Fenomena tersebut menggambarkan bahwa dunia semakin dituntut pada akses kecepatannya, terutama kecepatan informasi. Kini dengan sangat mudahnya suatu peristiwa di tempat A langsung bisa diketahui di tempat B dalam hanya hitungan detik. Begitu pula dalam informasi yang bersifat keilmuan seperti akademik dan ilmu agama. Kini pencarian informasi dan belajar di internet adalah jalan yang paling mudah dan murah. Seorang tak perlu kuliah jurnalisme untuk menjadi jurnalis, untuk eksis membahas politik juga tak perlu kuliah ilmu politik serta untuk dikatakan ustadz juga tak harus nyantri berlama-lama di pondok pesantren atau di institusi islam. Ya, itu semua berkat teknologi internet sehingga informasi apapun dapat dipelajari sendiri secara mandiri dan masif.

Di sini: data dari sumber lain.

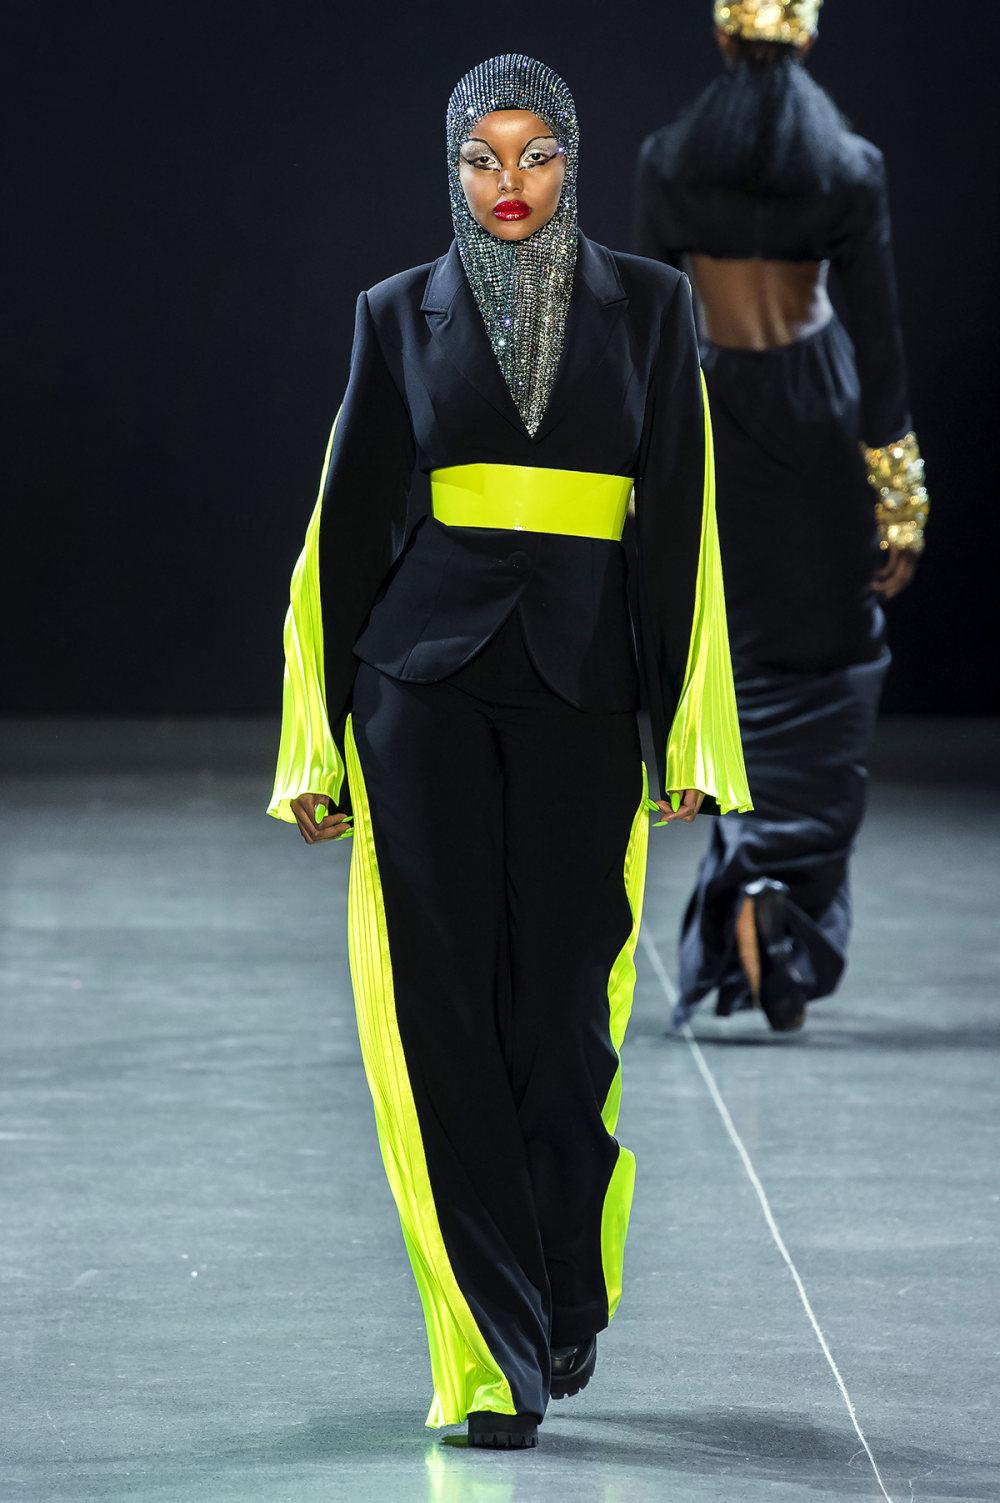 Christian Cowan时装系列虽然巨大的薄纱层状服装并没有那么特别-33.jpg

Tom Nichols dalam bukunya ‘The Death of Expertise’ (2017) mengungkap suatu fenomena mendesak tentang para ahli yang mulai kehilangan otoritasnya akibat peredaran informasi yang sangat banyak dan begitu cepat, internet tak lagi menjadi sarana demokrasi tetapi justru membutakan orang karena sebagian besar manusia semakin malas membaca, mencari dan mengkonfirmasi sebuah informasi yang didapatkan. Hal ini menjadi celah banyaknya berita bohong (fake news) untuk turut menyerang dan semakin memperkeruh keadaan.

Dalam dunia keilmuan keagamaan fenomena ini banyak digunakan untuk menyerang otoritas ulama, ustadz atau da’i. Beberapa orang hanya belajar dari internet tentang ilmu agama kemudian merasa sudah cukup ilmu sehingga berani berceramah. Tentu saja hal ini sangat berbahaya, karena tanpa keilmuan yang cukup dan matang seorang penceramah justru dapat menyesatkan atau membawa pada pemahaman yang keliru pada para jamaahnya dalam memahami agama. Hal ini menjadi tantangan bagi pegiat pesantren dan santri pada khususnya.

Selama ini Pesantren memang tak hanya sebagai lembaga keagamaan, pesantren terbukti telah menjadi kekuatan utama dalam mengusir penjajahan dari bumi pertiwi dan menghapus praktik kolonialisme, sehingga mengantarkan pada kemerdekaan bangsa. Namun kini pesantren kembali dihadapkan pada peran seperti itu lagi, tetapi dengan bentuk yang berbeda. Jika dahulu suatu bentuk penindasan dan penjajahan begitu terlihat nyata karena berwujud fisik, maka kini kolonialisme tersebut jika boleh dikata telah berubah bentuk menjadi informasi yang begitu banyak dan tidak terbendung. Seperti dikatakan Nichols bahwa informasi yang begitu banyak akan membuat manusia semakin bingung dan menjadikan ia lebih menyukai informasi yang ingin didengarnya saja sehingga menimbulkan sikap apatis dan tertutupnya sikap open minded. Maka penyebaran informasi yang benar amat penting untuk membendung bahaya-bahaya tersebut.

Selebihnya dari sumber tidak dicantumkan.